**INPUT MATERIAL**:
+ + + +
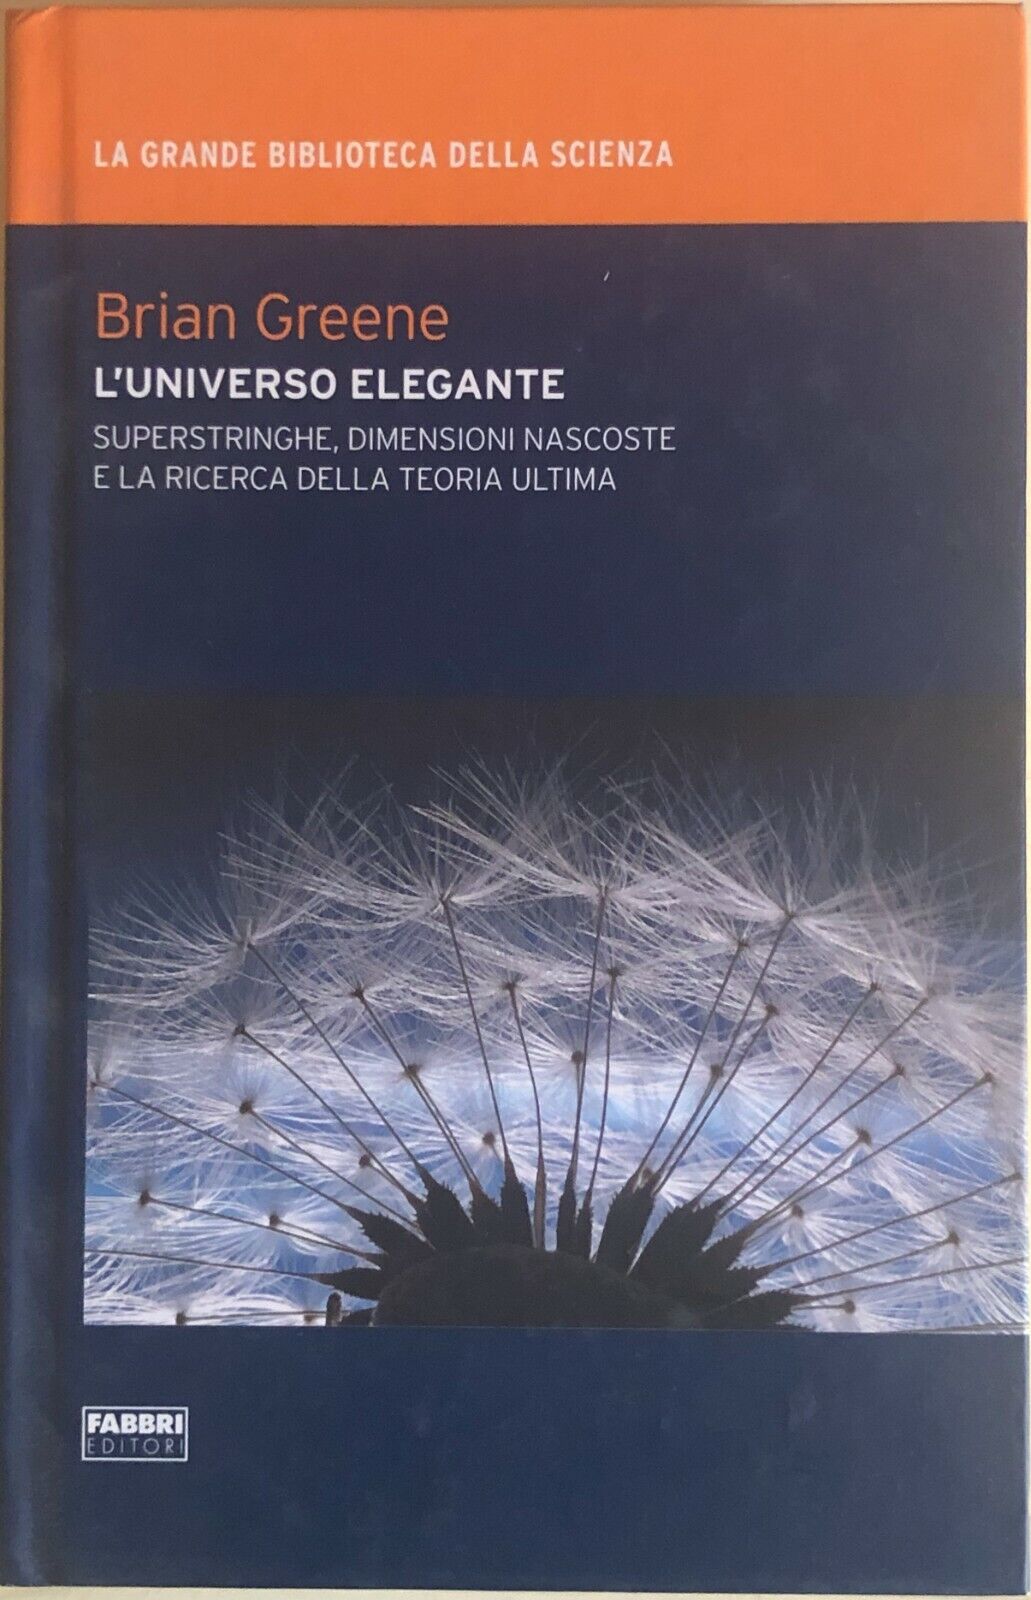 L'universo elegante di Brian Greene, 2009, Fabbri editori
+ + + +
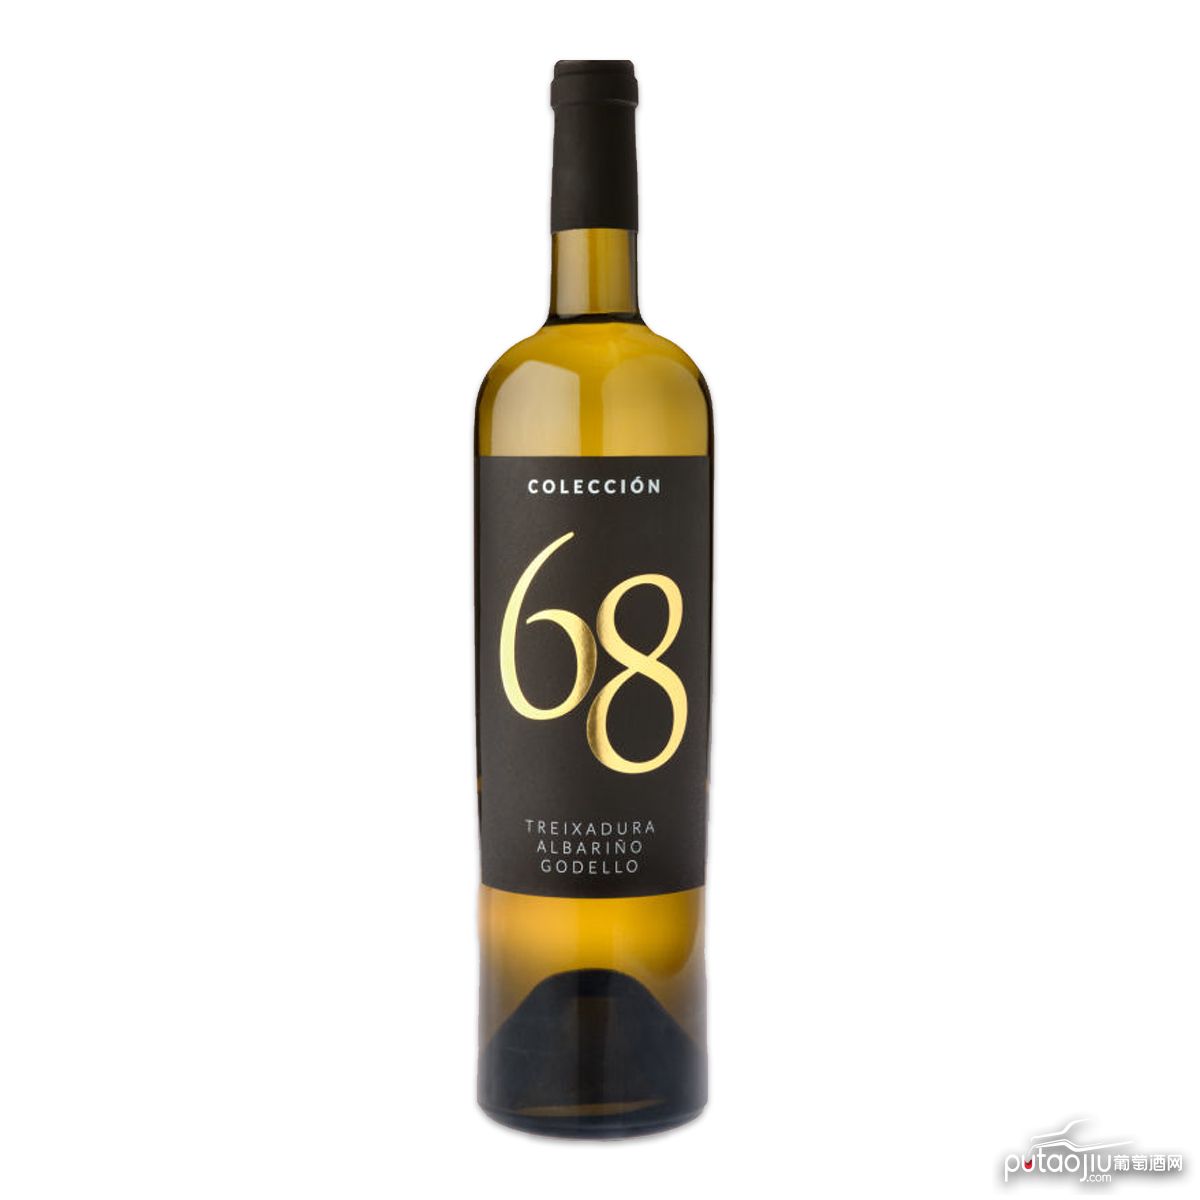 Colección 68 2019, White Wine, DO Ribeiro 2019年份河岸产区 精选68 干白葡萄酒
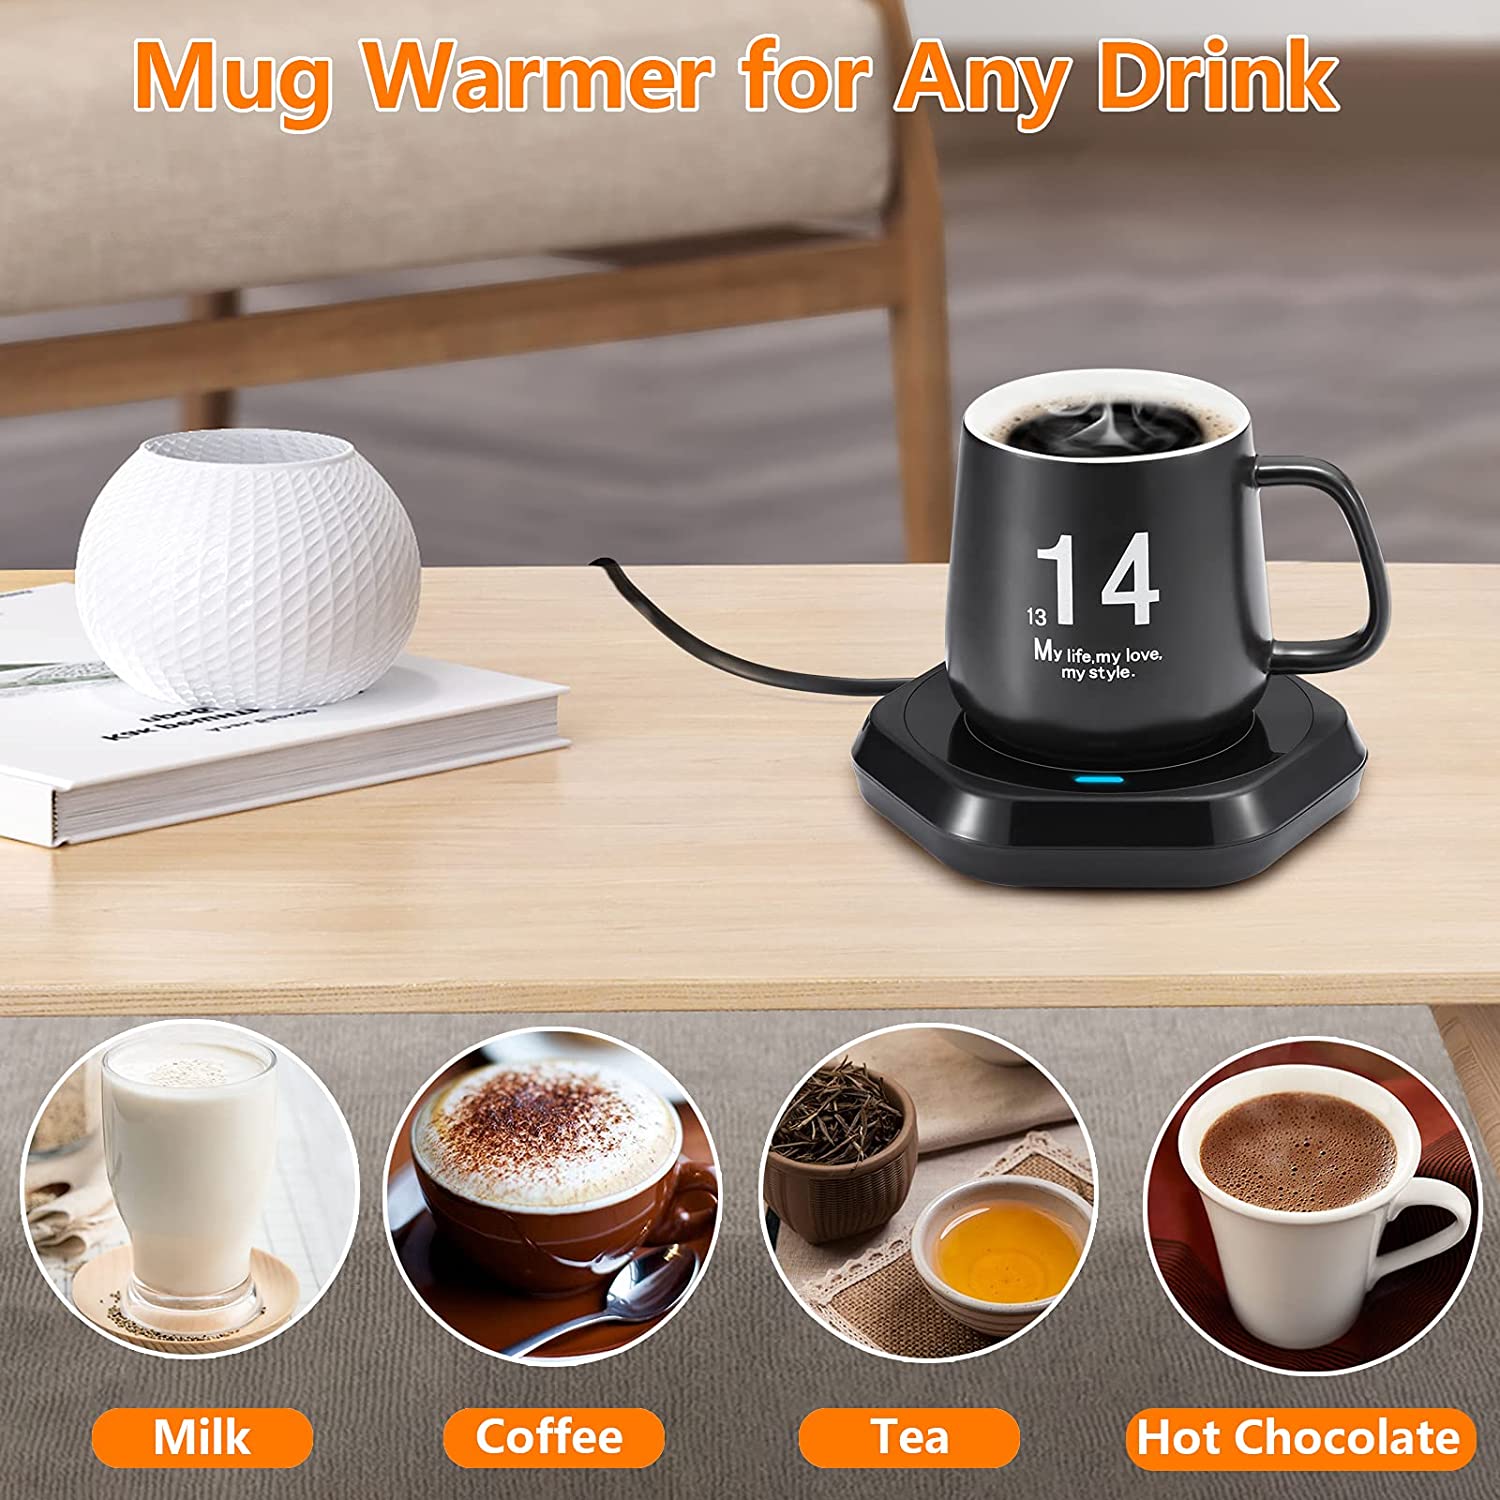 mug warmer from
+ + + +
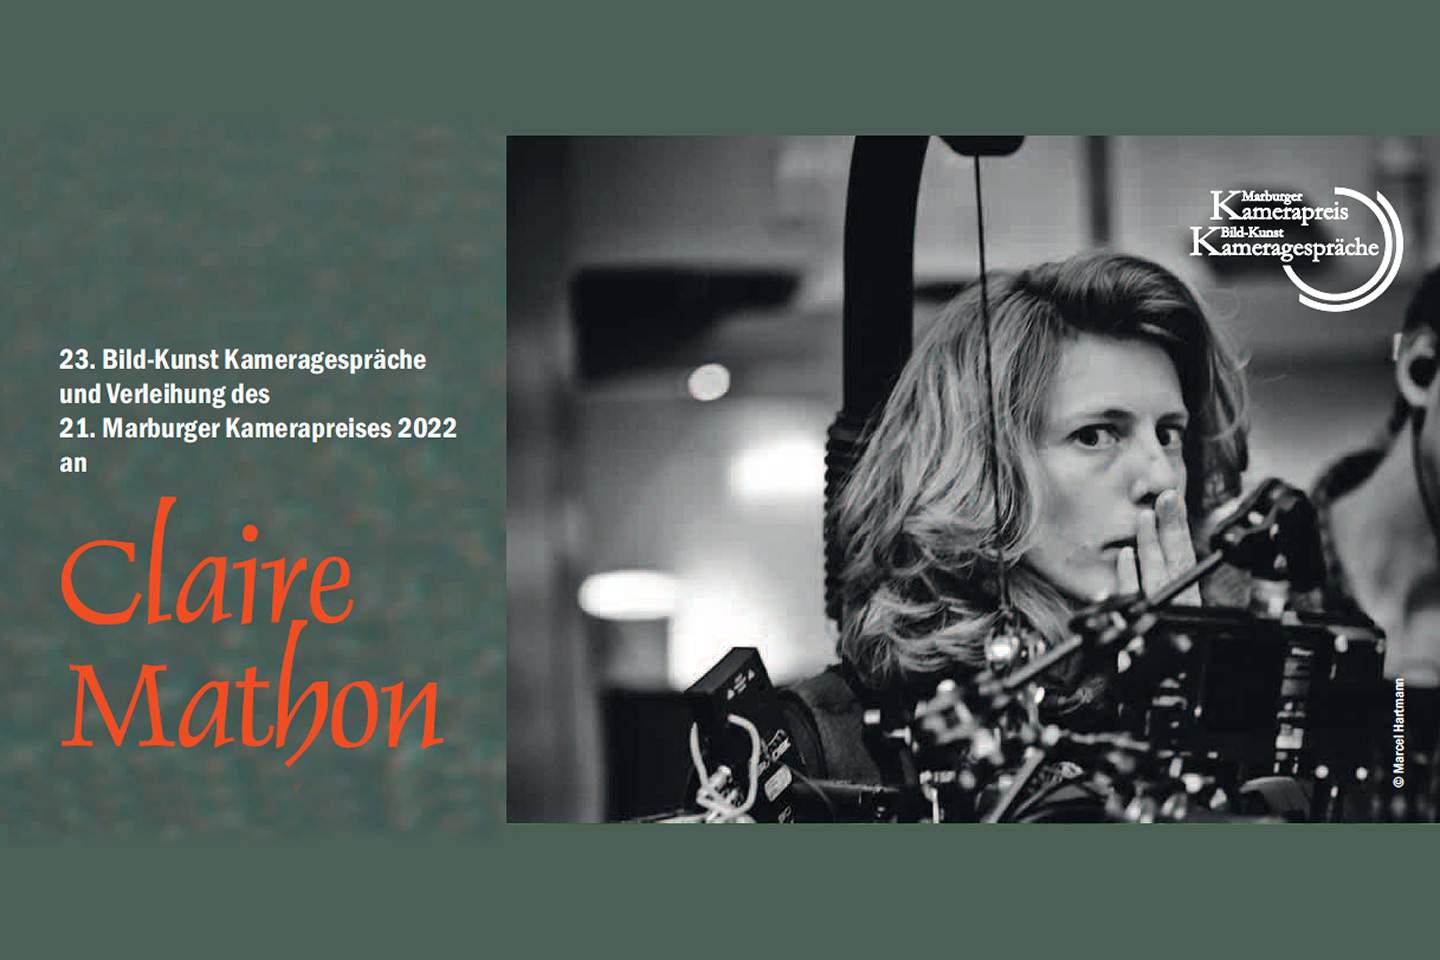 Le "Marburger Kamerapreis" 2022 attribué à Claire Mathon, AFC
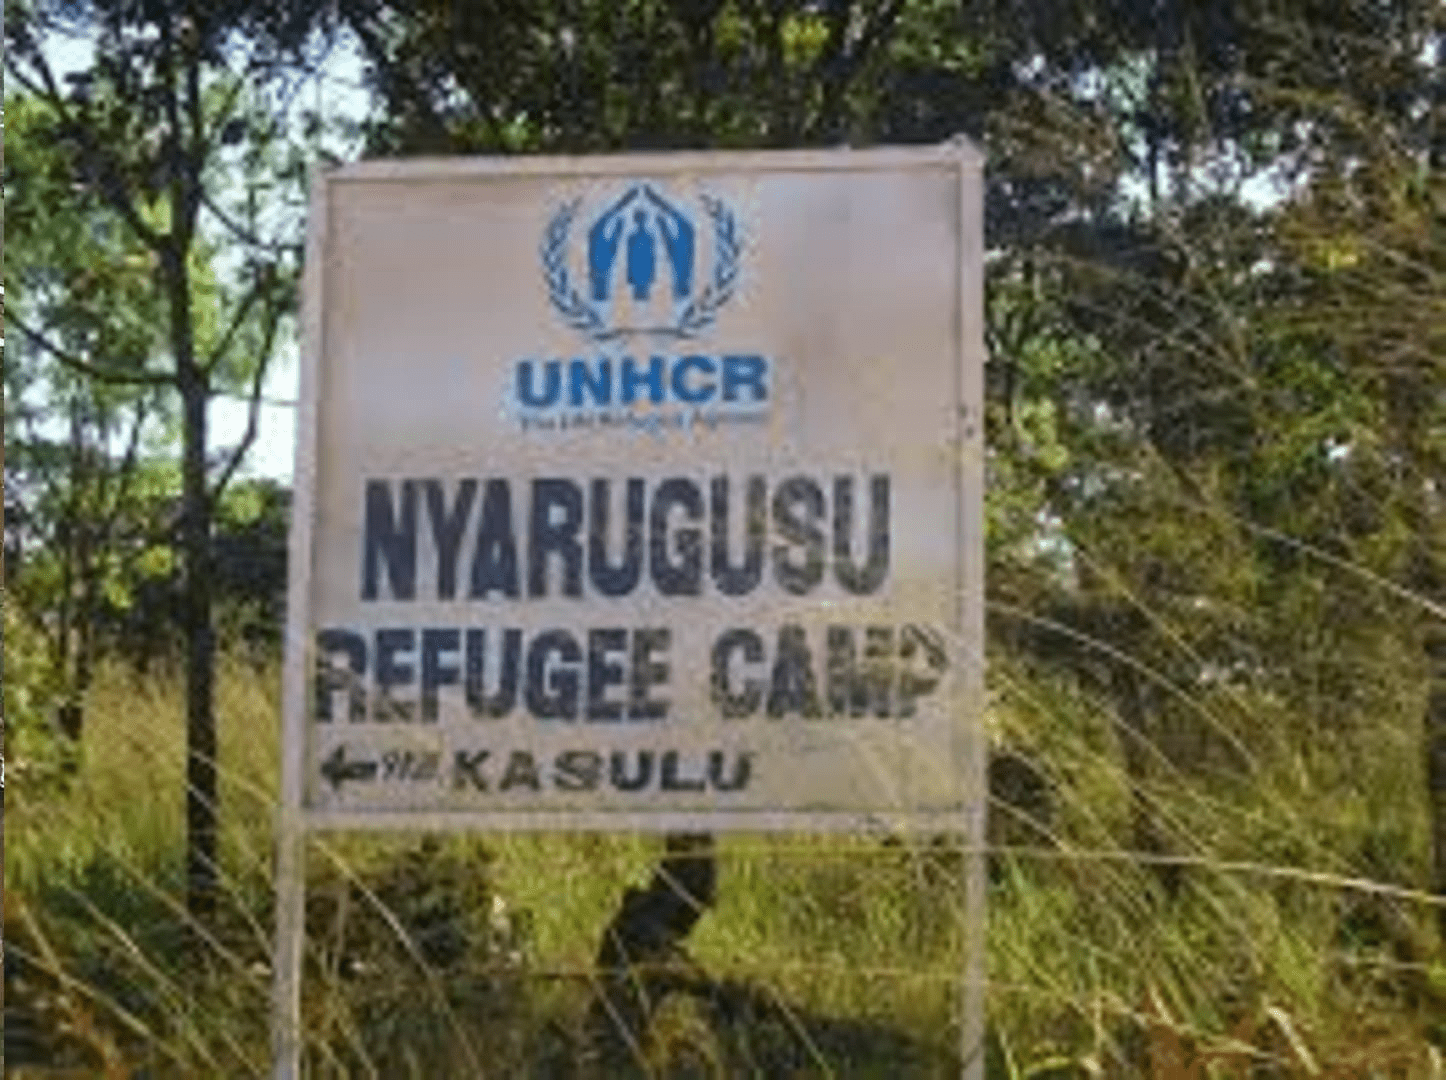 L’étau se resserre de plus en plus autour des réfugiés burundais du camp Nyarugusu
+ + + +
Reproduce, exactly and only, the lines of the records above starting at the line with "Colección 68 2019, White" and ending at the line with "mug warmer from", both included. Leave every picture out.

 Colección 68 2019, White Wine, DO Ribeiro 2019年份河岸产区 精选68 干白葡萄酒
 mug warmer from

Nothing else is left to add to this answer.